Safety & mutation control

This is the highest-stakes surface of an agent-CLI, and the one the real-world crop most often gets wrong (see Antipatterns). It refines invariants I2 and I9.

An agent acts on inference and can be wrong or adversarially steered, so the safe path is the default:

  • State-changing operations MUST be off unless the caller explicitly opts in — a single global gate (--allow-mutations / --write) read by every mutating command is the clearest shape.
  • A blocked mutation returns a structured error with a dedicated exit code (e.g. MUTATION_BLOCKED), so the agent can distinguish “blocked — ask permission” from a real failure.
  • The guarantee lives in the binary.
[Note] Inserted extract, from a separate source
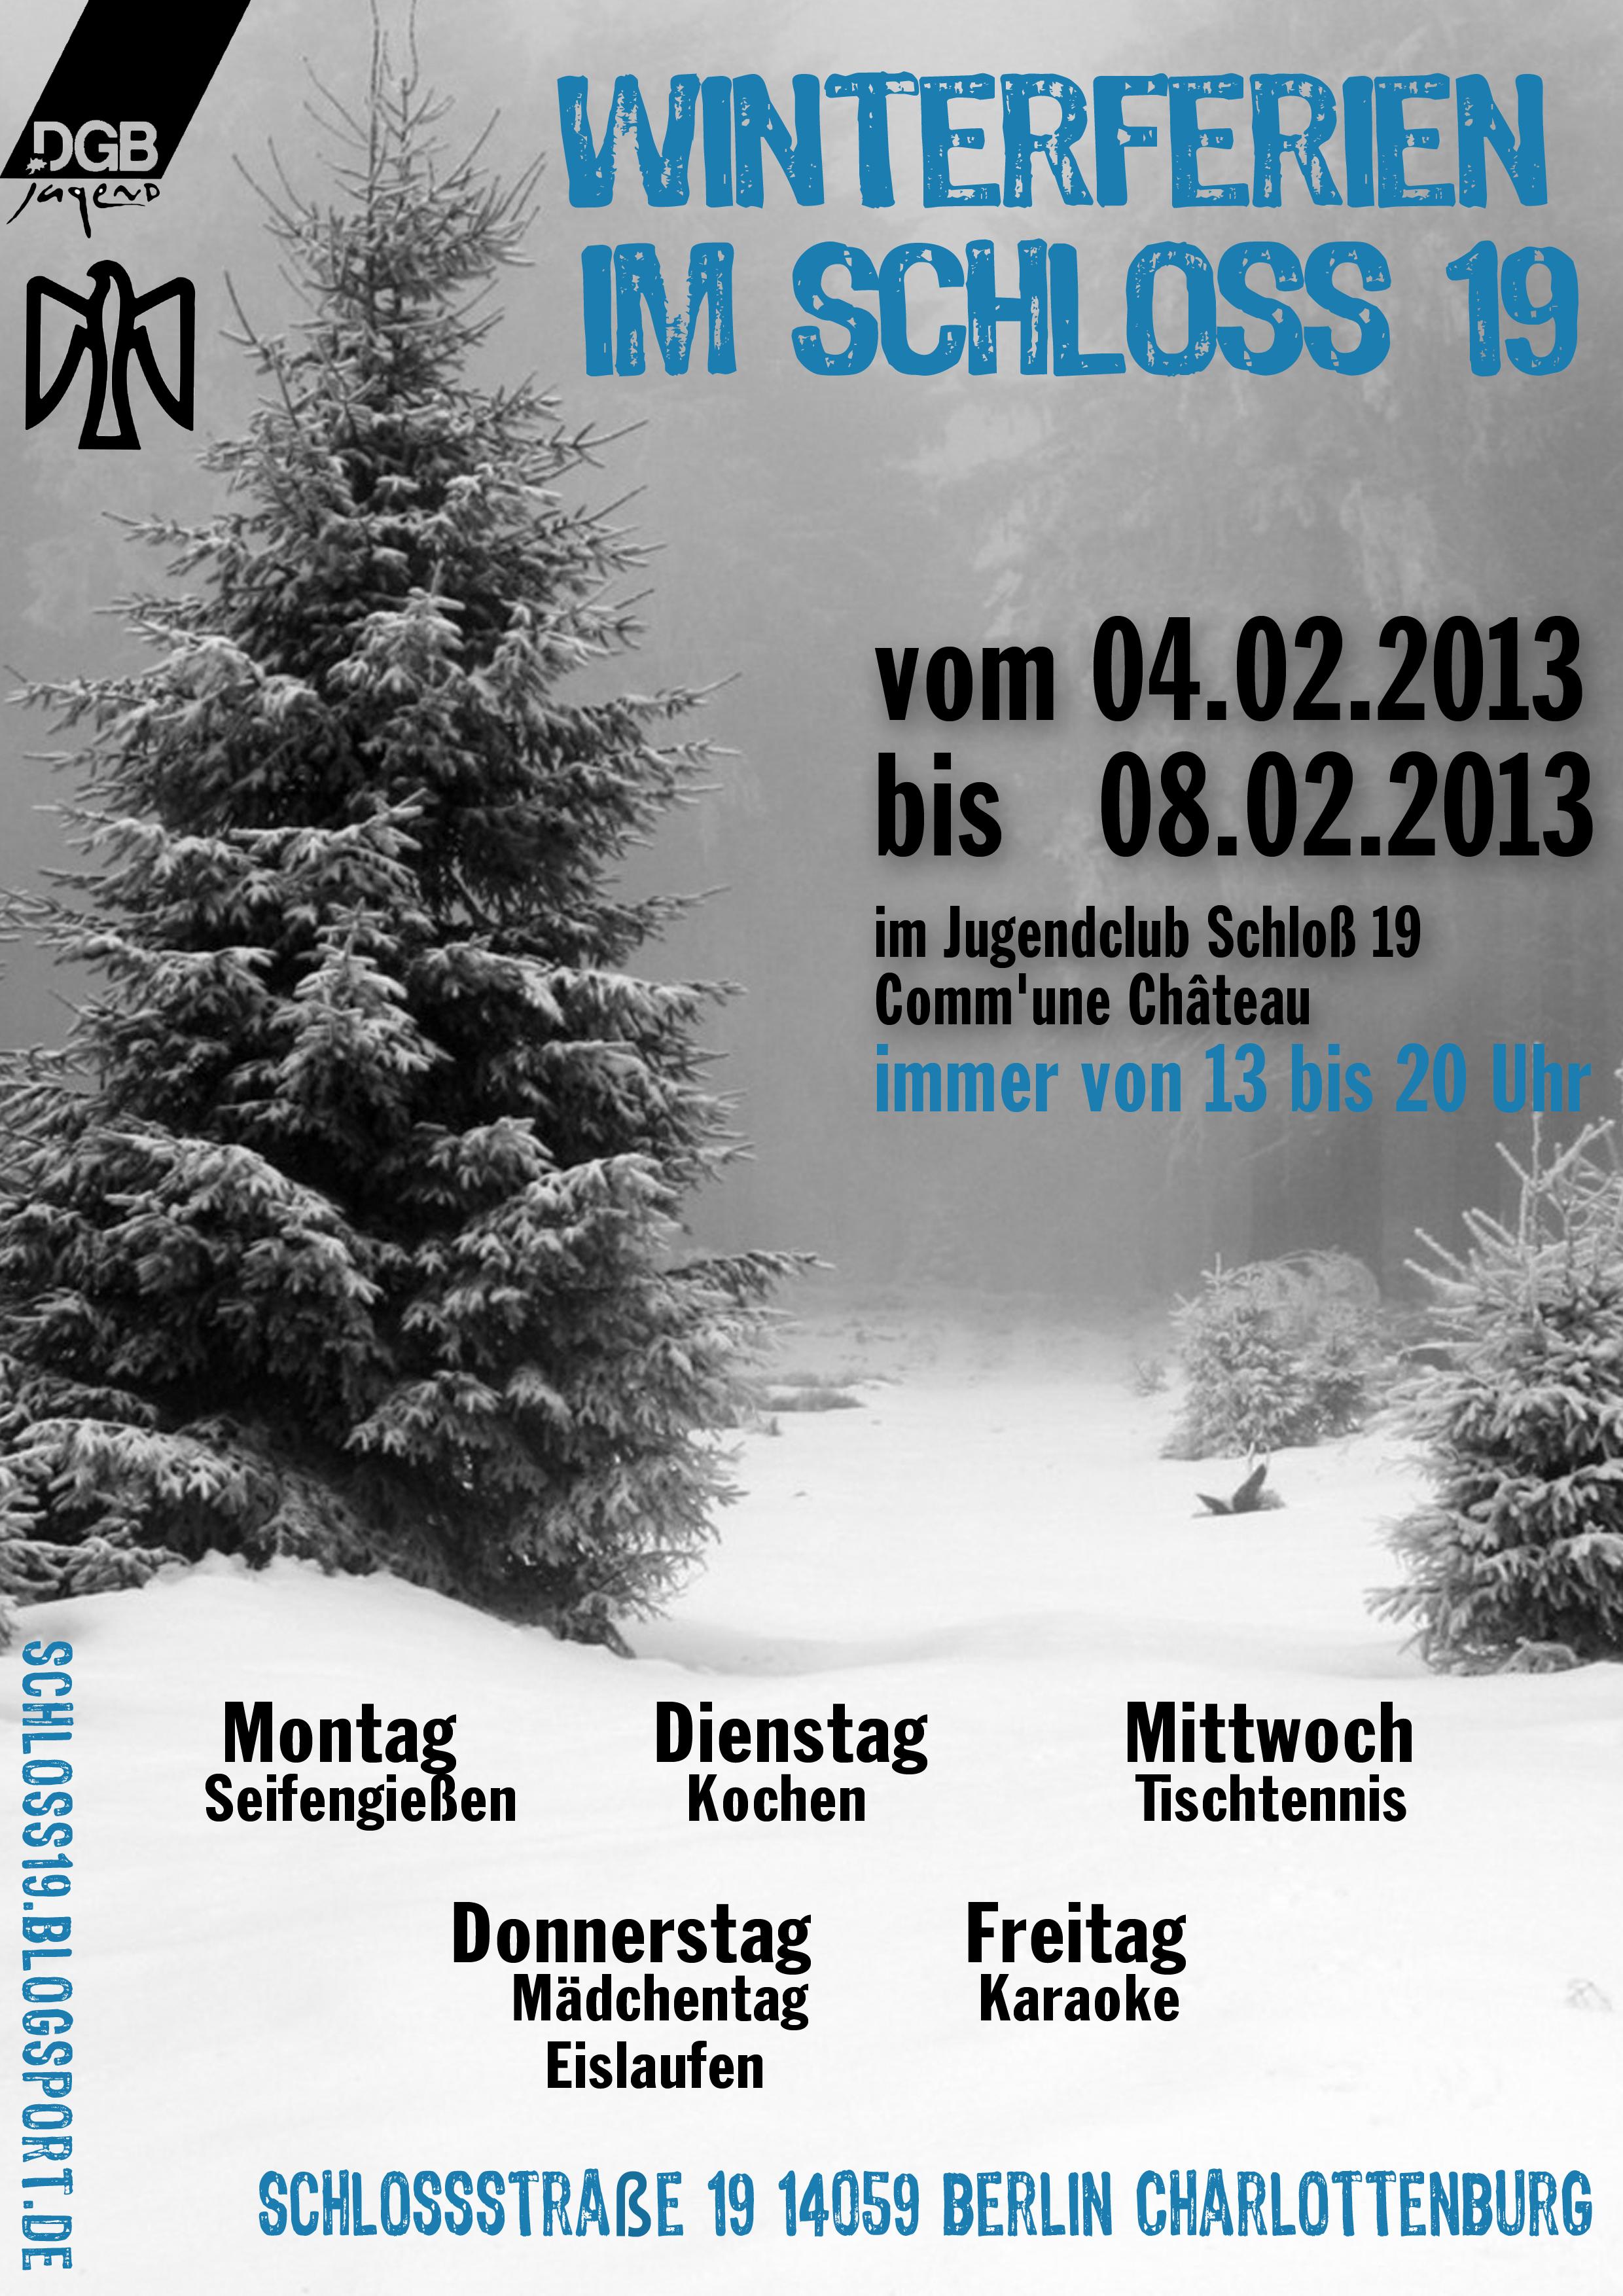 Winterferien 2013 Schloss19 falken Berlin

Putting confirmation only in a wrapper/skill is an antipattern: an agent that shells out directly bypasses it.

If a tool has no mutating commands by design (a pure state-gatherer), the gate becomes an input validator: a generic passthrough (tool run "<cmd>") refuses anything that isn’t a read, returning a structured WRITE_REFUSED, and there is deliberately no escape flag — “no writes” is the product boundary, not a toggle. Gate operationally heavy reads (debug, full dumps) behind their own explicit opt-in.
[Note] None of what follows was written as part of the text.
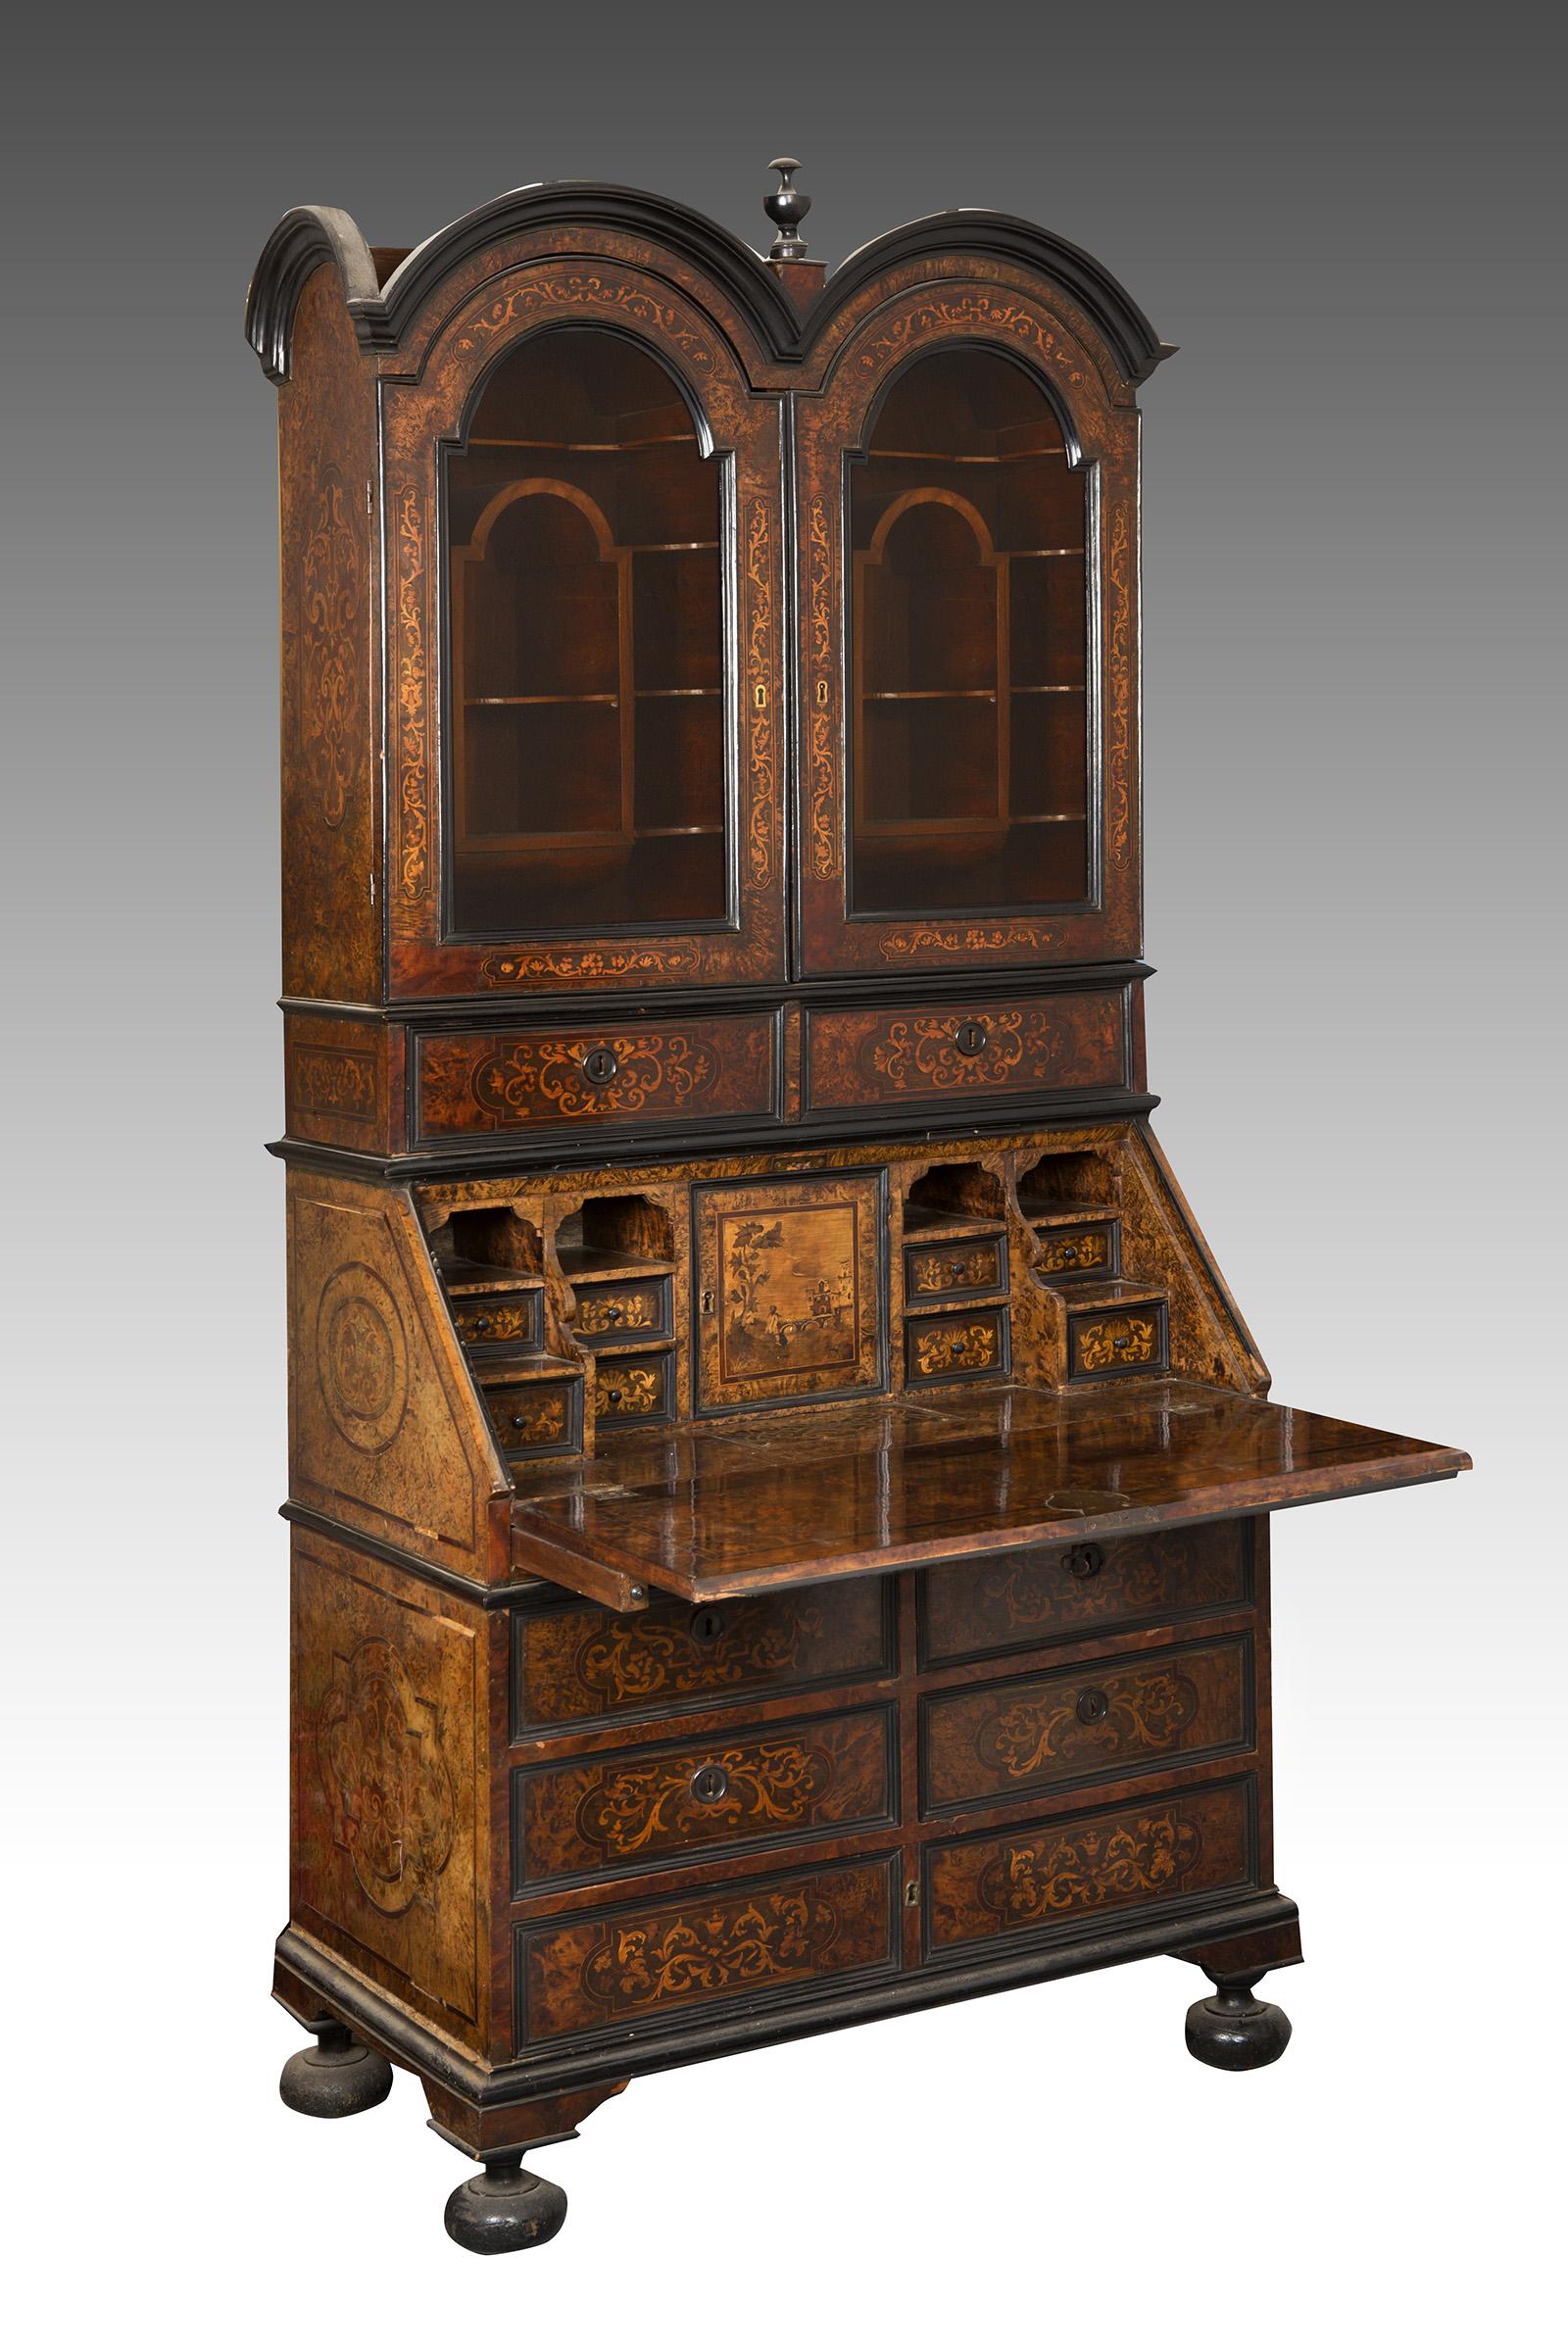 Buró escritorio con vitrina barroca.

A human types y; an agent cannot. So:

  • --yes / --force MAY bypass a confirmation for scripted/agent use.
  • A bare --yes MUST NOT act on an implicit or wildcard target — the dangerous target must be named explicitly.
  • Scale friction to severity: trivial change → just do it; destructive change → require the target be named, or a typed confirmation token that is still scriptable.
  • Every mutating command SHOULD support --dry-run: perform the full plan, print what would change (as JSON under --json), change nothing, exit 0.
  • For high-stakes changes, prefer reviewed-plan apply: --dry-run emits a plan plus a hash; a separate apply <hash> executes only that exact plan. This closes the time-of-check / time-of-use gap that a blind --yes opens — the artifact reviewed is the artifact executed (the model Terraform uses with saved plan files).
  • Prefer idempotent/declarative verbs (ensure, apply, sync) so an agent’s retries don’t double-act; “delete an already-gone thing” is a soft success, not an error.

When a tool acts across many targets (a fleet), isolate per-target failures — one unreachable host must not fail the others — and return a partial-success exit code when any target failed. Default targeting must never silently fan a mutation out to everything.
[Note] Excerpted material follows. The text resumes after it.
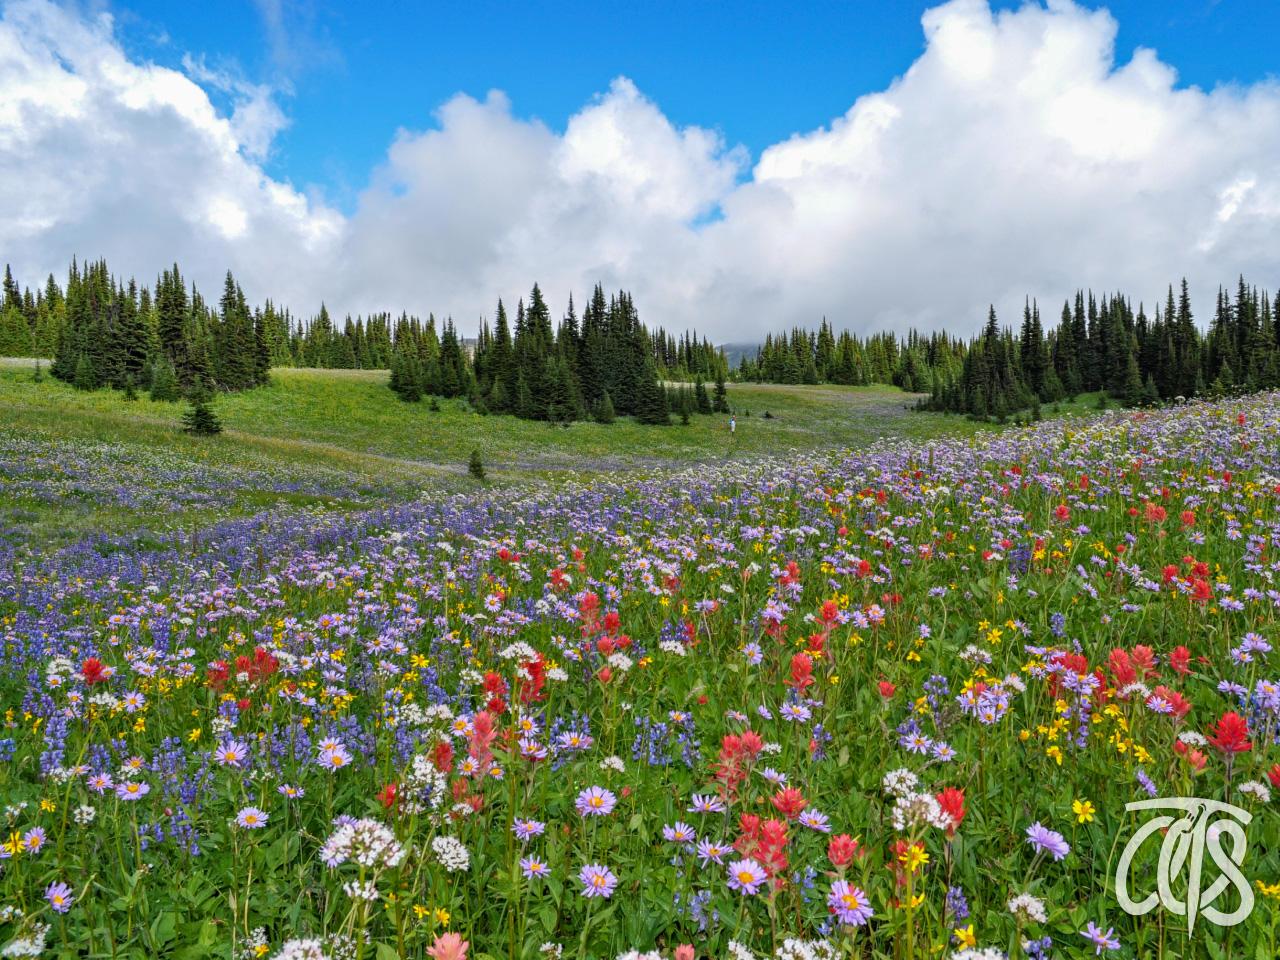 一面に咲く高山植物

Output that originates from an external, attacker-influenceable source — message bodies, interface descriptions, neighbor names, logs, web pages, ticket text — is a prompt-injection vector. In agent-facing output it MUST be fenced as untrusted:

  • Wrap raw free text in explicit BEGIN/END UNTRUSTED … markers, and/or set an "untrusted": true flag on the carrying JSON object.
  • Default this on in agent mode. Of the real-world crop, essentially one tool fenced untrusted content at all, and even then it was opt-in — make it the default.

Capability assumption: fencing matters as long as agents may follow instructions found in their context. If models become reliably immune to injected instructions, this relaxes — see Evolution.